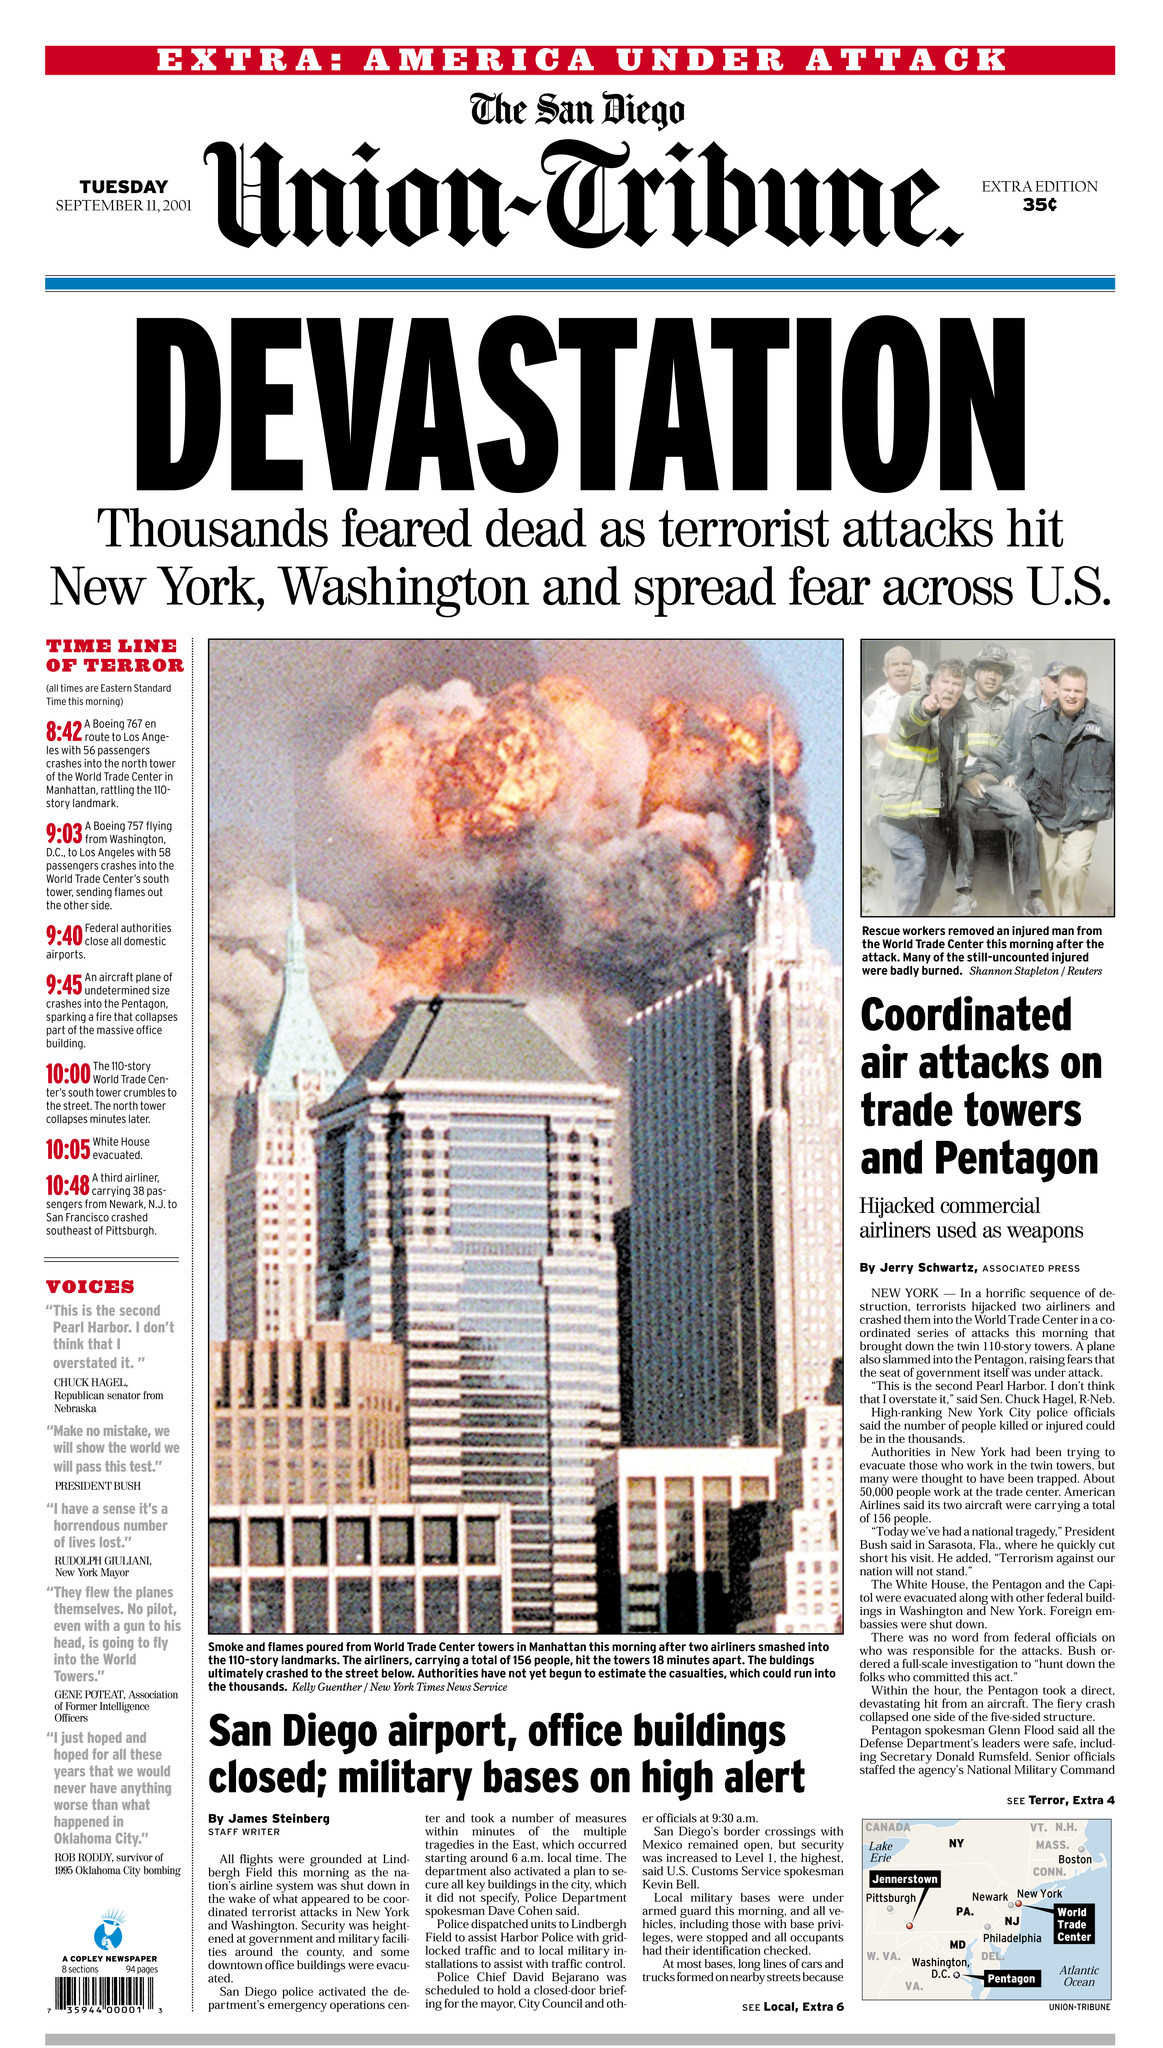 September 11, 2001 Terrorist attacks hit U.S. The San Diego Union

________

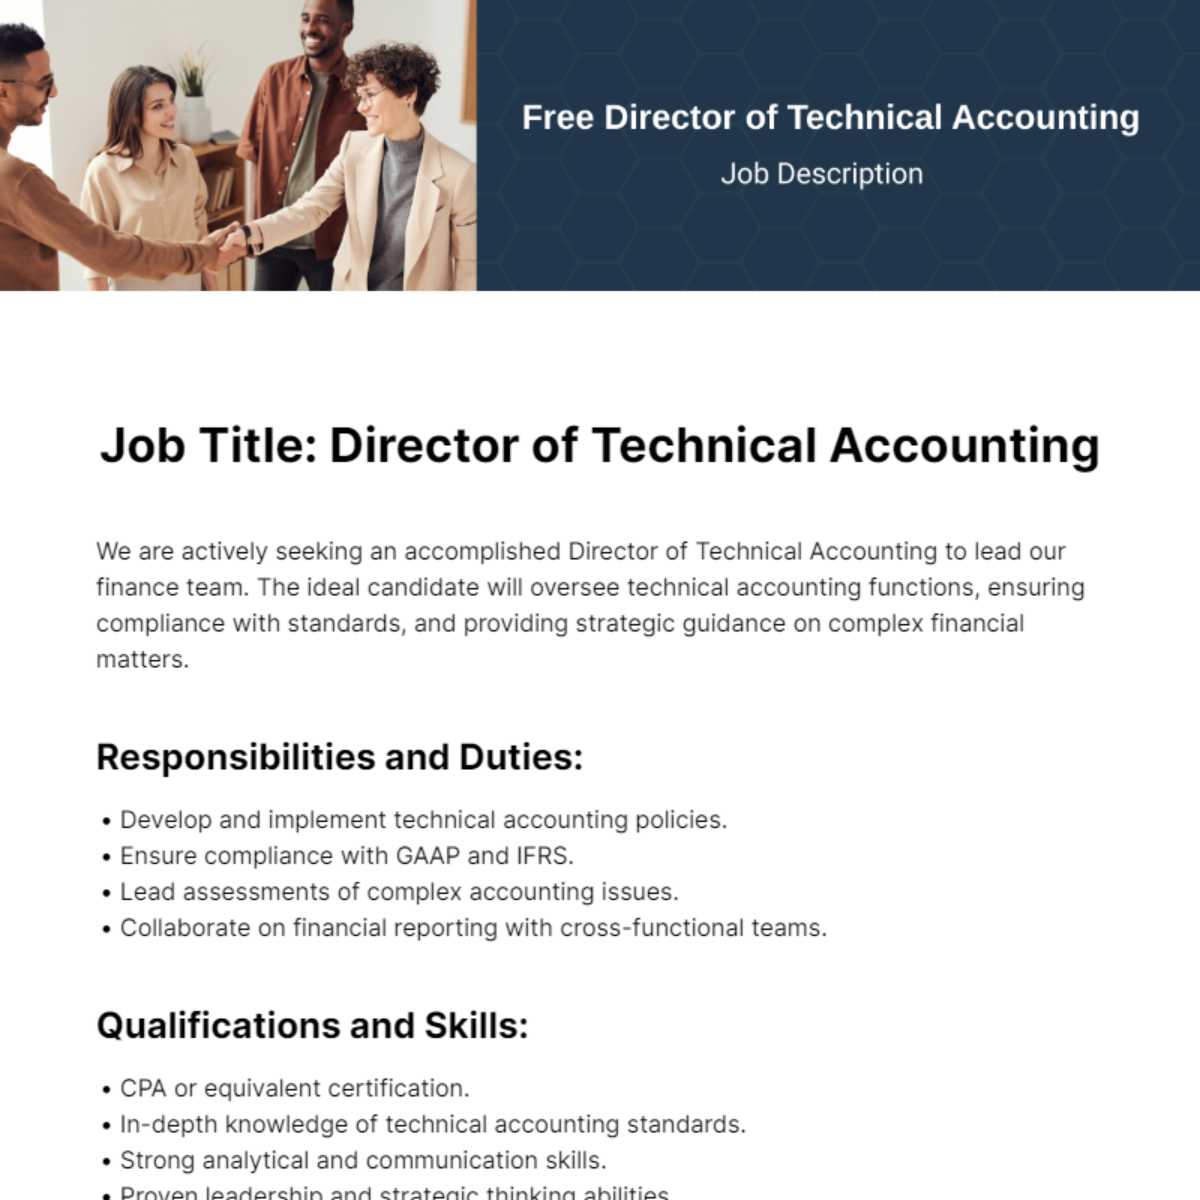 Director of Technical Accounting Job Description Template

________

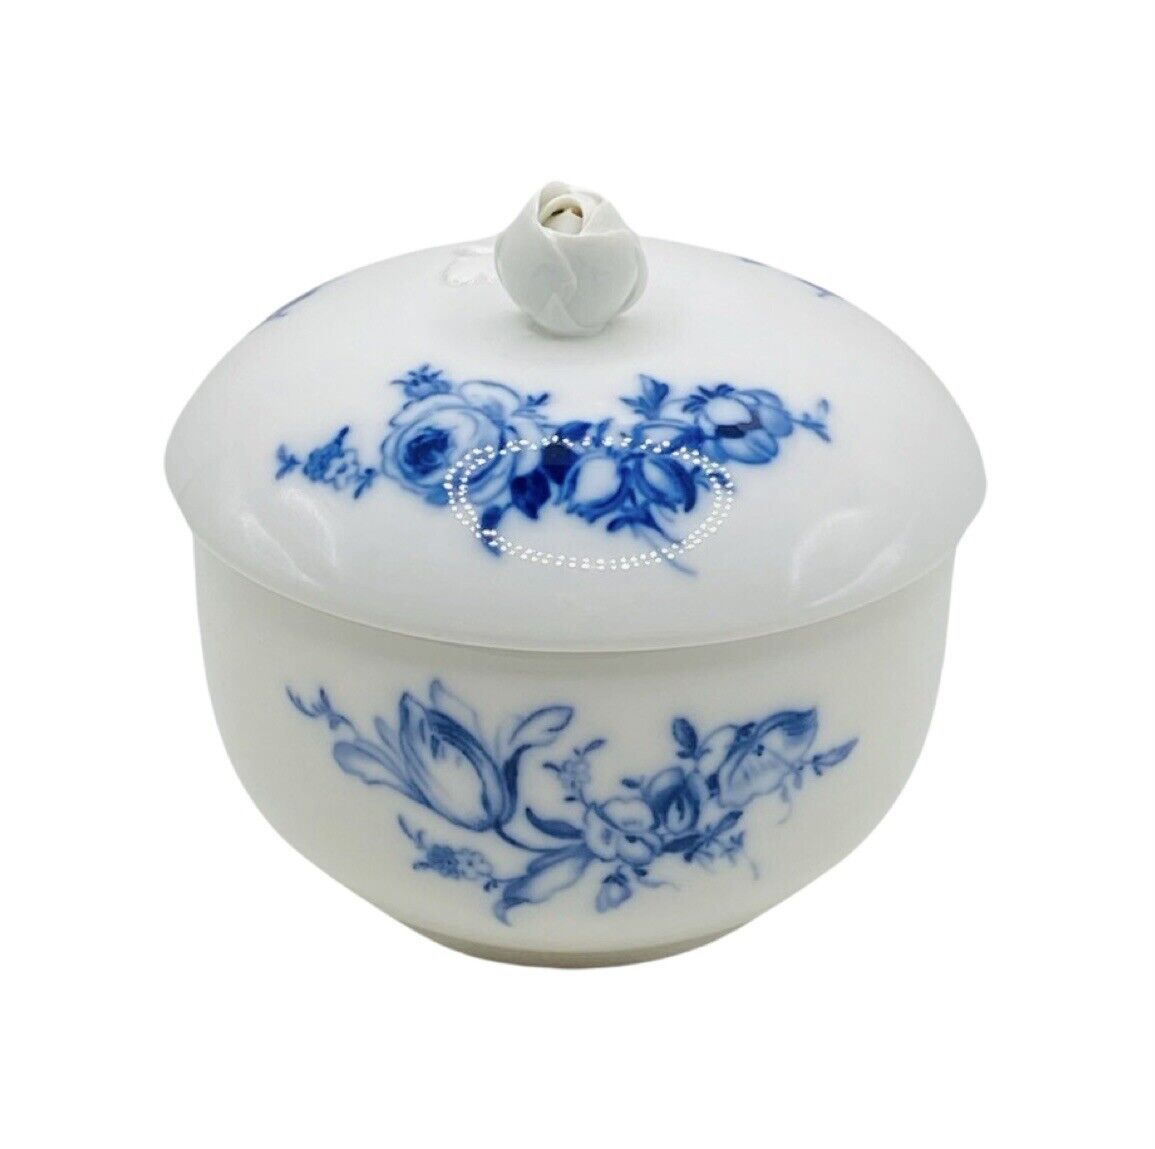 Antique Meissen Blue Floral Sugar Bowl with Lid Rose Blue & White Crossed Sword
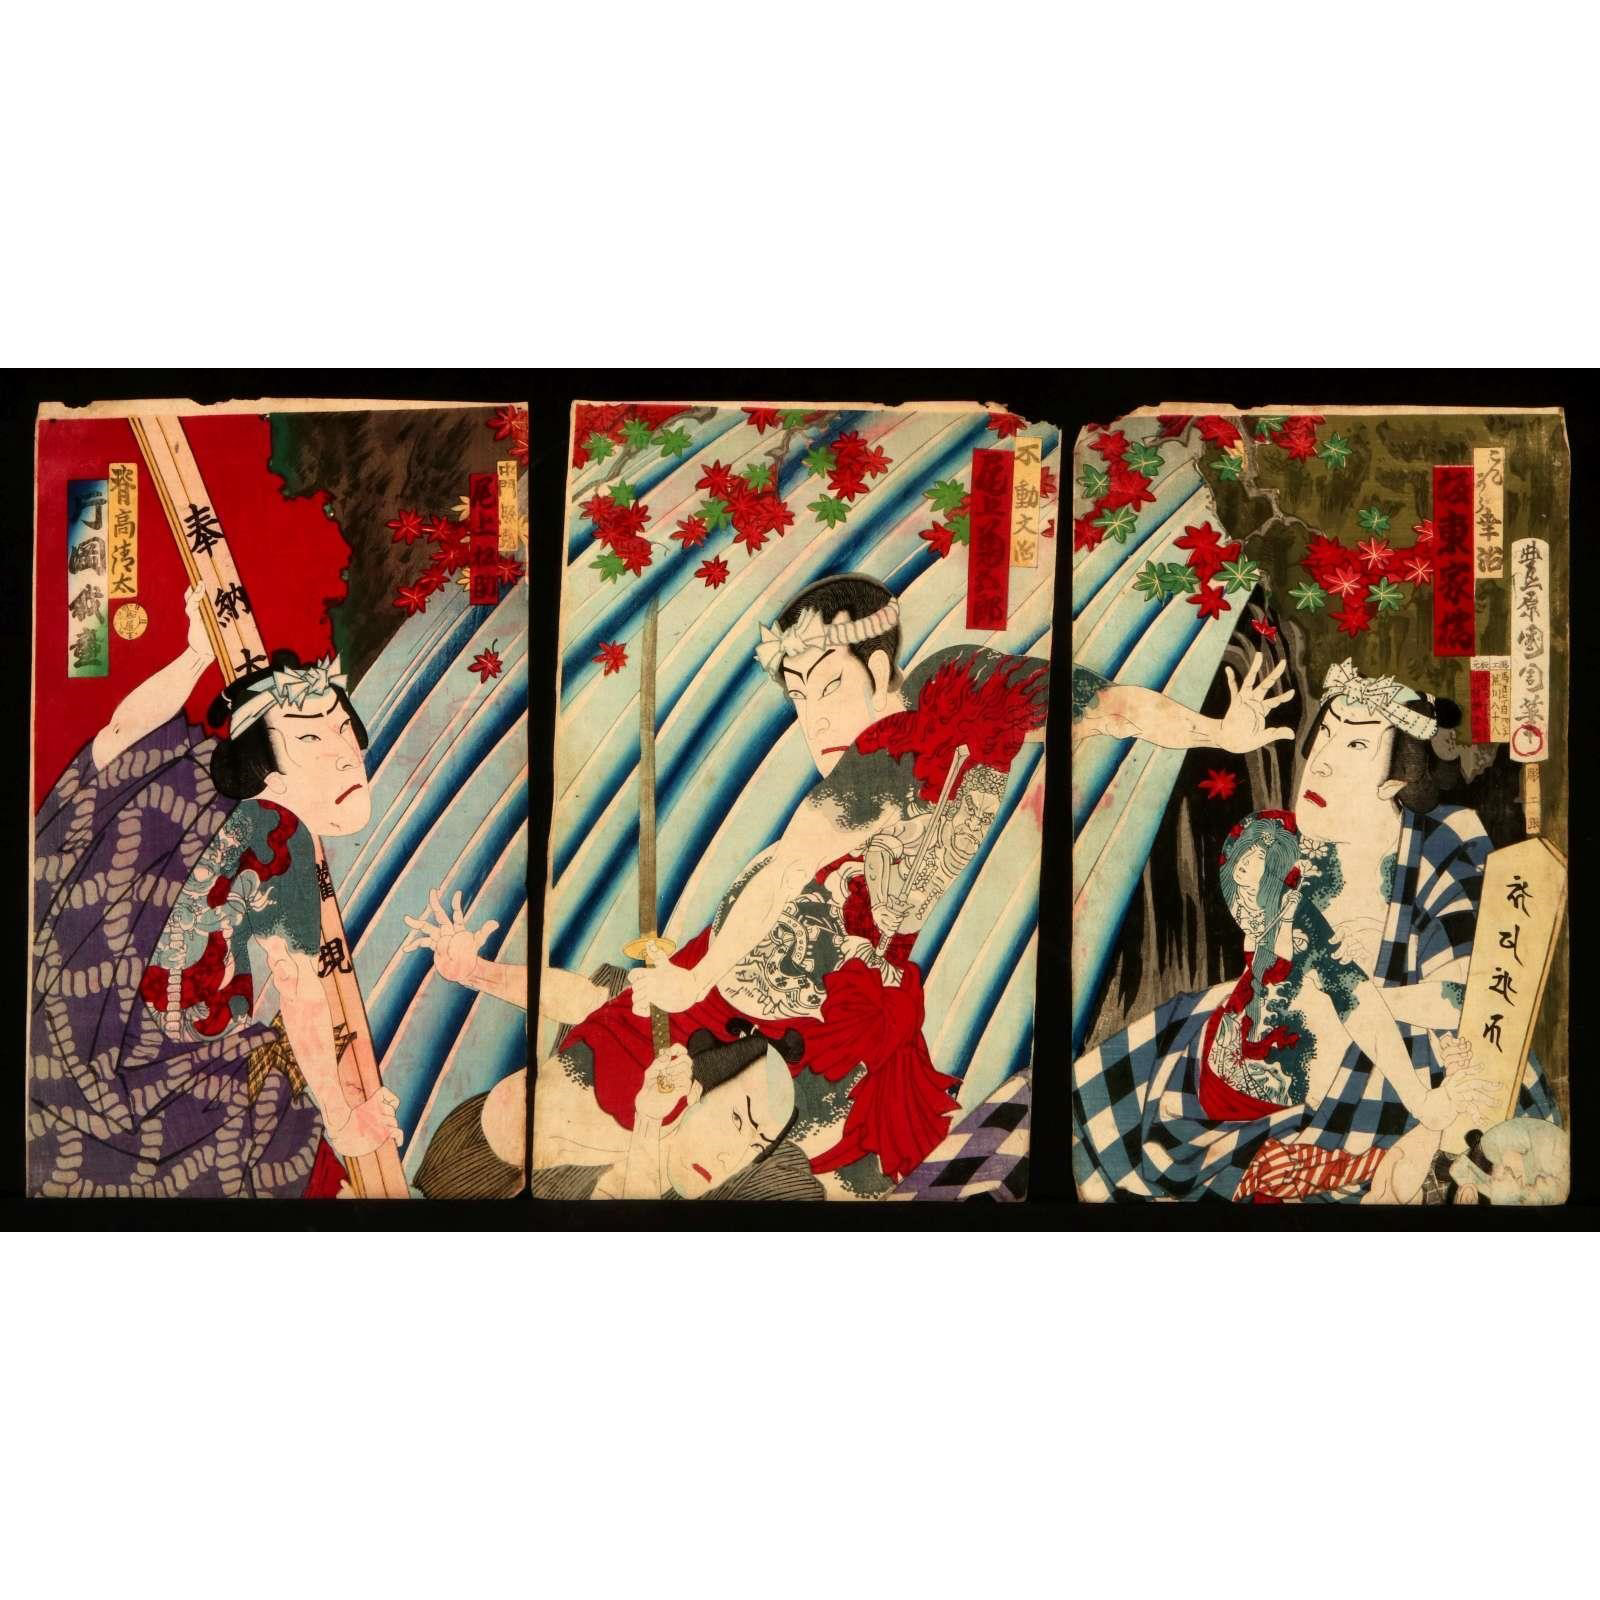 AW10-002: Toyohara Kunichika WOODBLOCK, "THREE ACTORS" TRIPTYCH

________

**DESCRIPTION OF THE TASK**: Starting with the line that has "Antique Meissen Blue" and going on through the line that has "AW10-002: Toyohara Kunichika", transcribe the records above exactly, but skip the pictures.

**WRITTEN RESPONSE**:
 Antique Meissen Blue Floral Sugar Bowl with Lid Rose Blue & White Crossed Sword
 AW10-002: Toyohara Kunichika WOODBLOCK, "THREE ACTORS" TRIPTYCH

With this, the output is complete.